Problem -
Exactly reproduce the lines from the one containing "Дезодоран-антиперспирантт DRY RU" through the last line of the data, both ends included, leaving out pictures.

Given material -
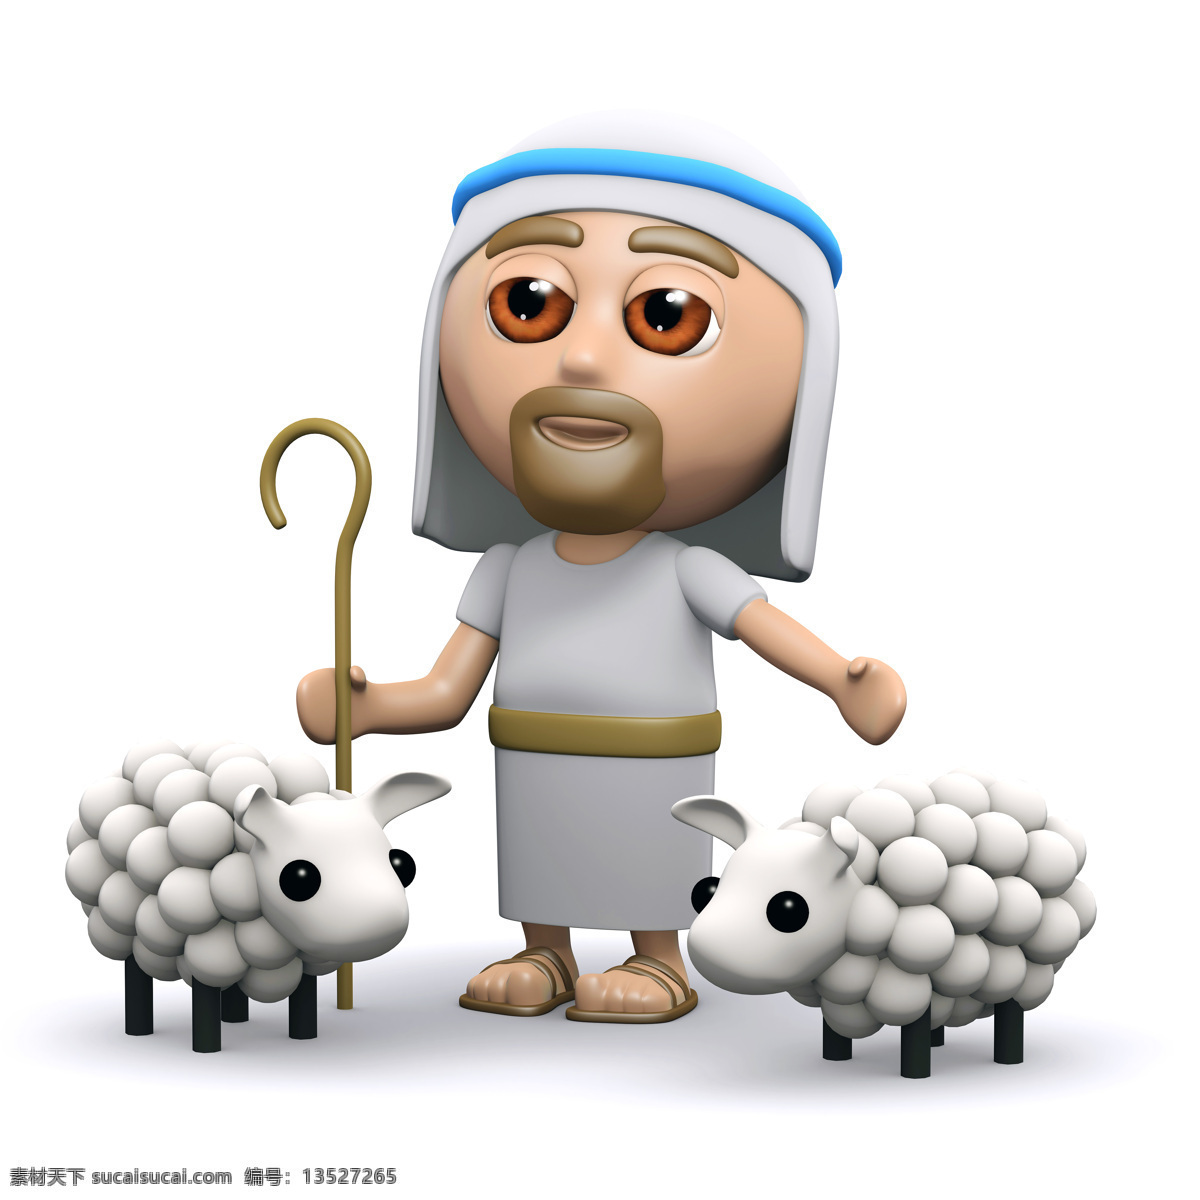 耶稣 绵阳 3d 动漫 3d耶稣主题 动画 动漫人物 卡通人物 羊 其他人物 人物图片
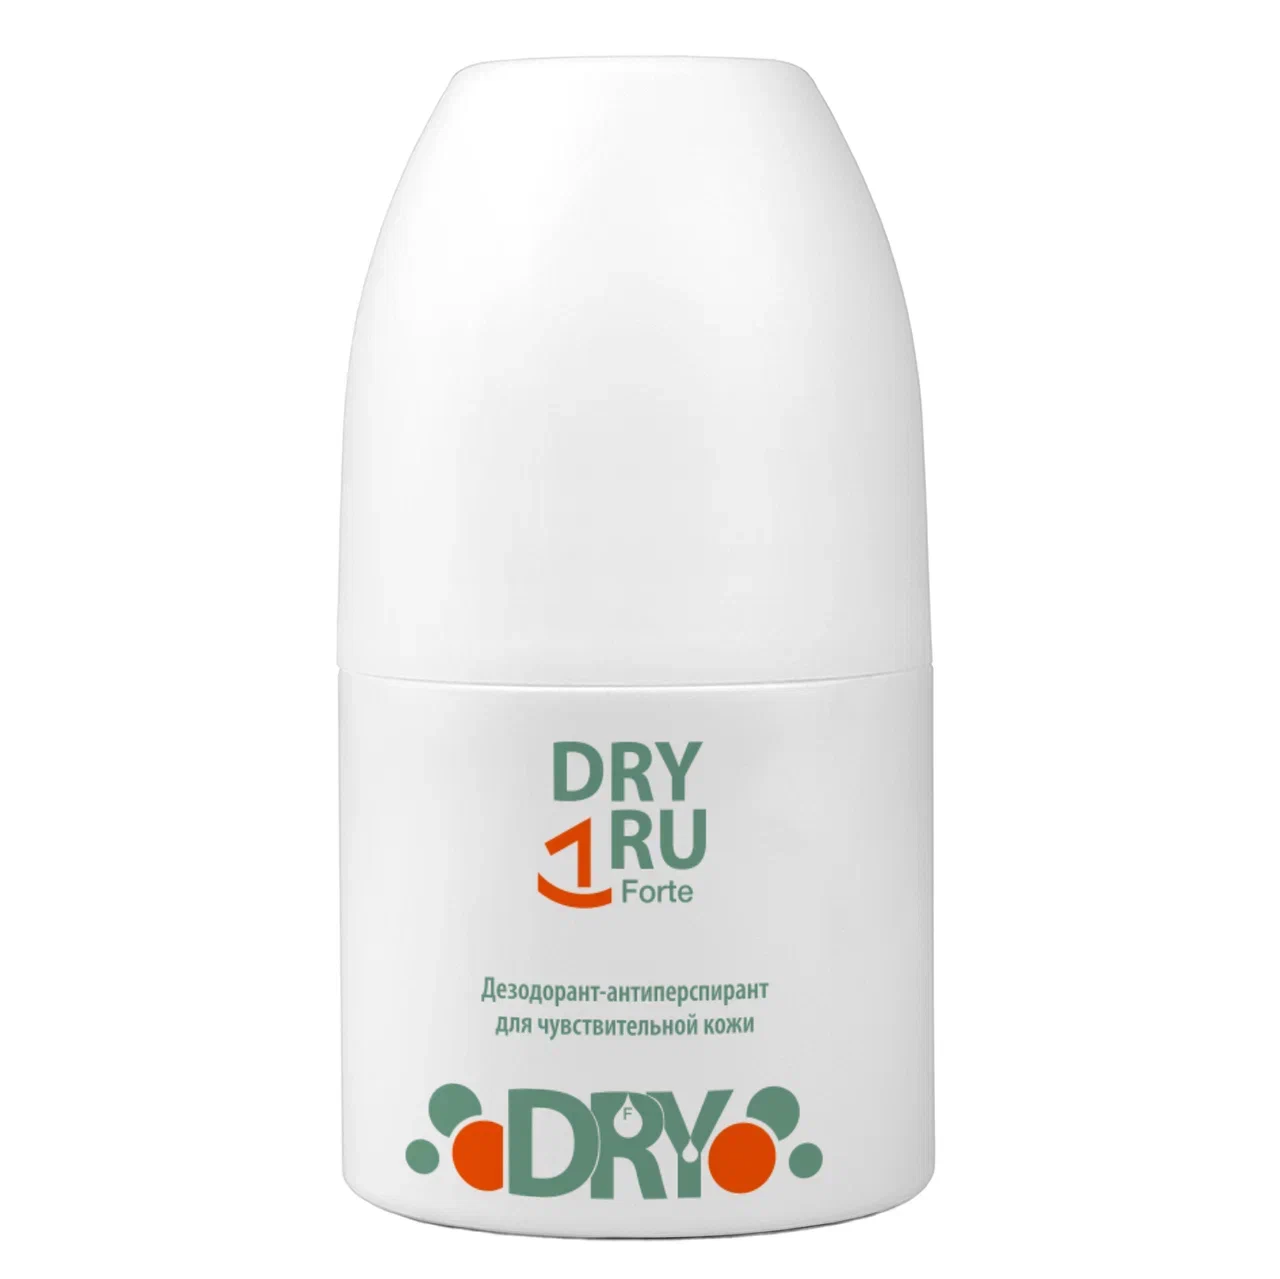 Дезодоран-антиперспирантт DRY RU Forte мужской, шариковый, от пота и запаха 50 мл
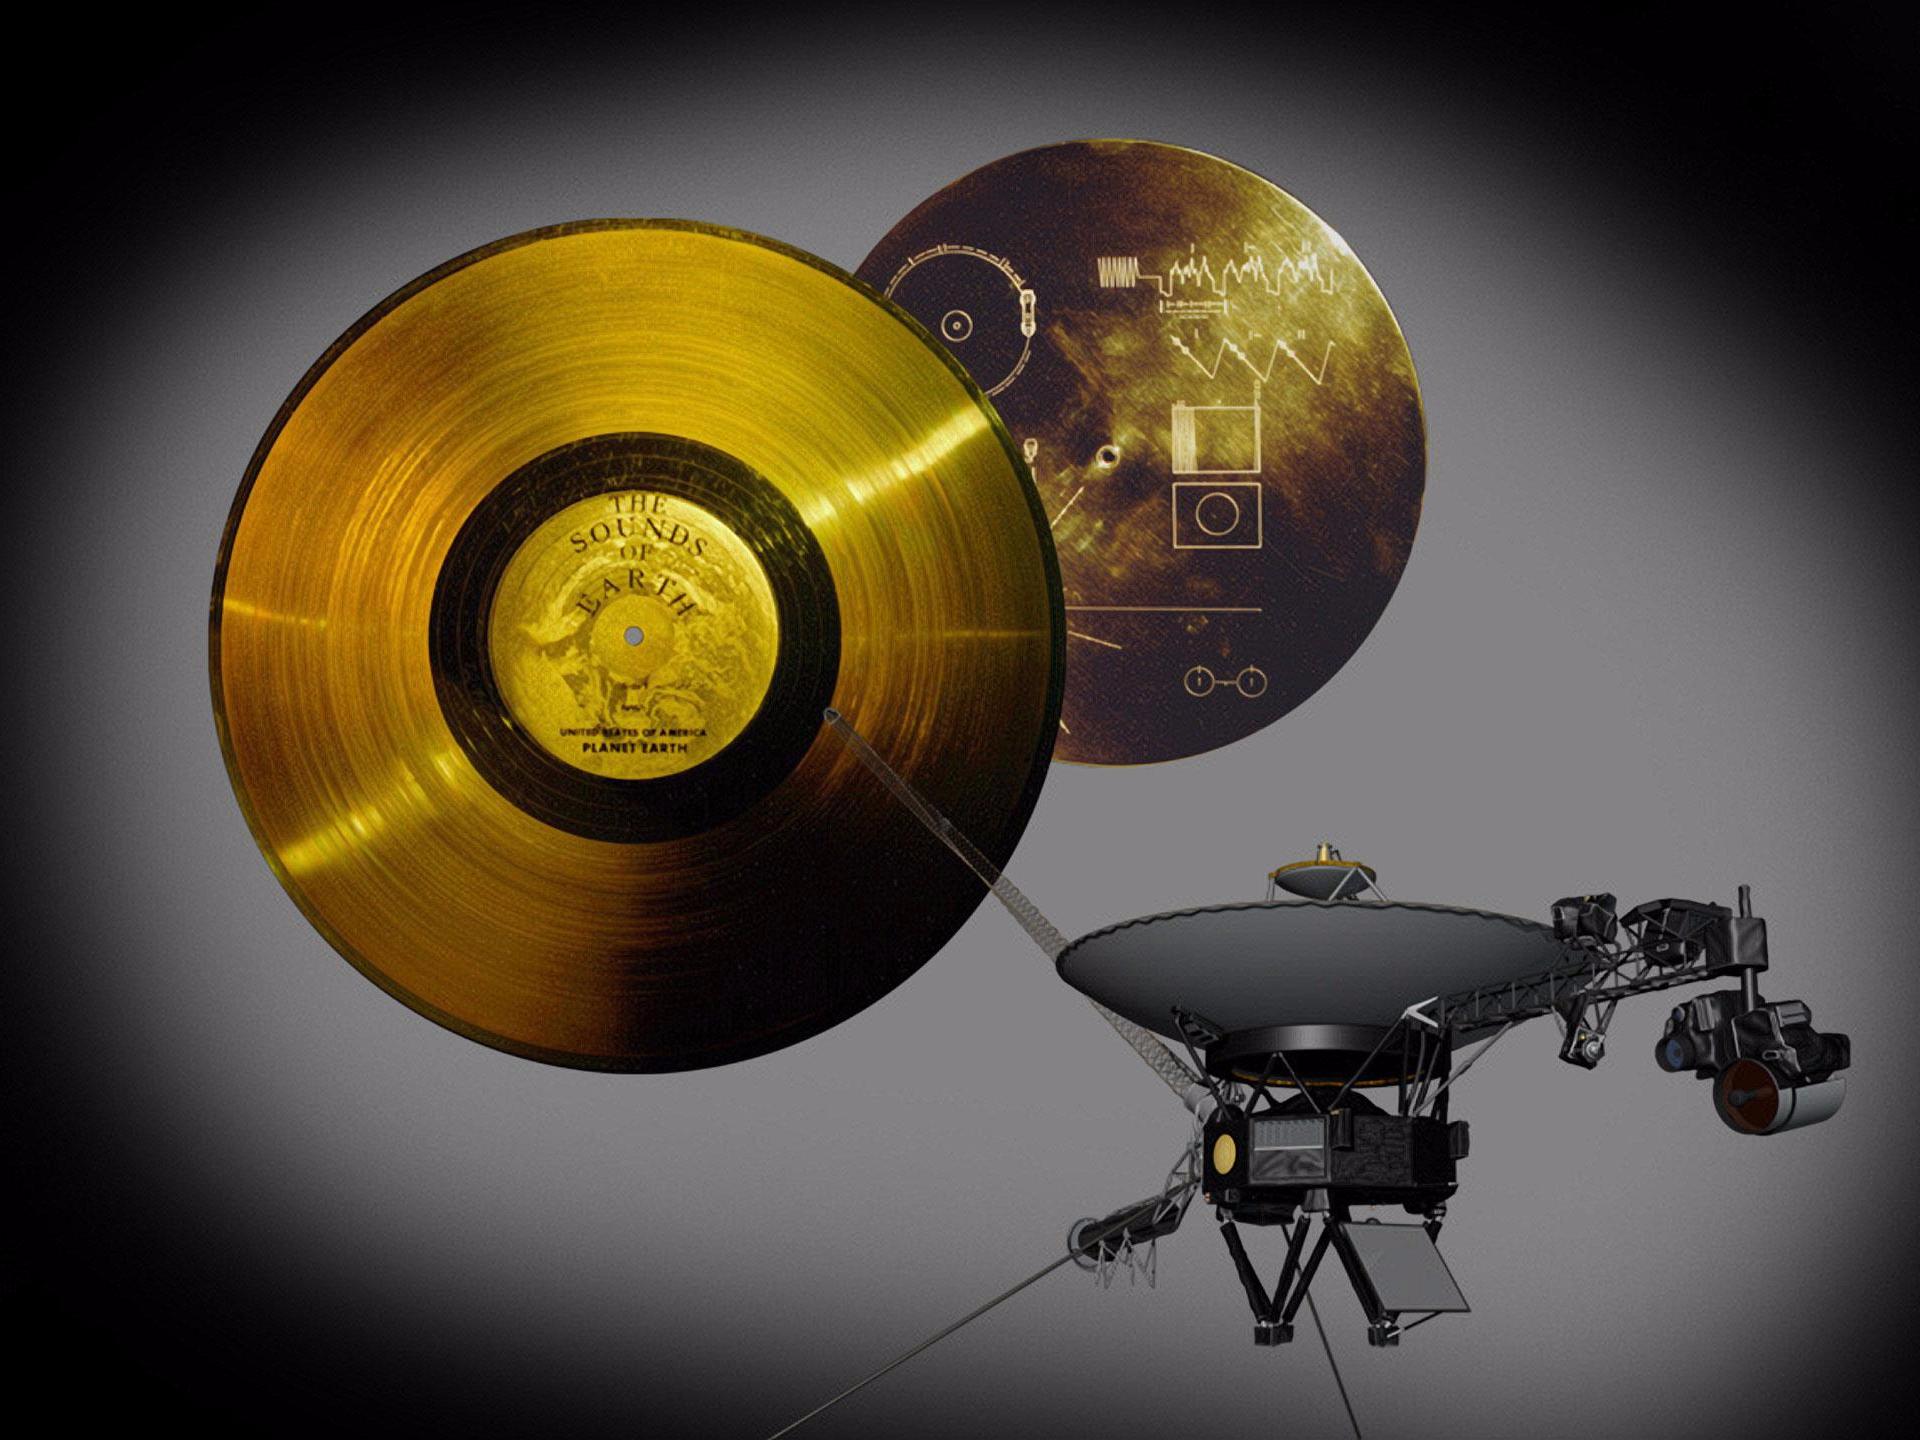 惑星探査機ボイジャーと、ゴールデンレコードとそのカバー

Your solution -
 Дезодоран-антиперспирантт DRY RU Forte мужской, шариковый, от пота и запаха 50 мл
 惑星探査機ボイジャーと、ゴールデンレコードとそのカバー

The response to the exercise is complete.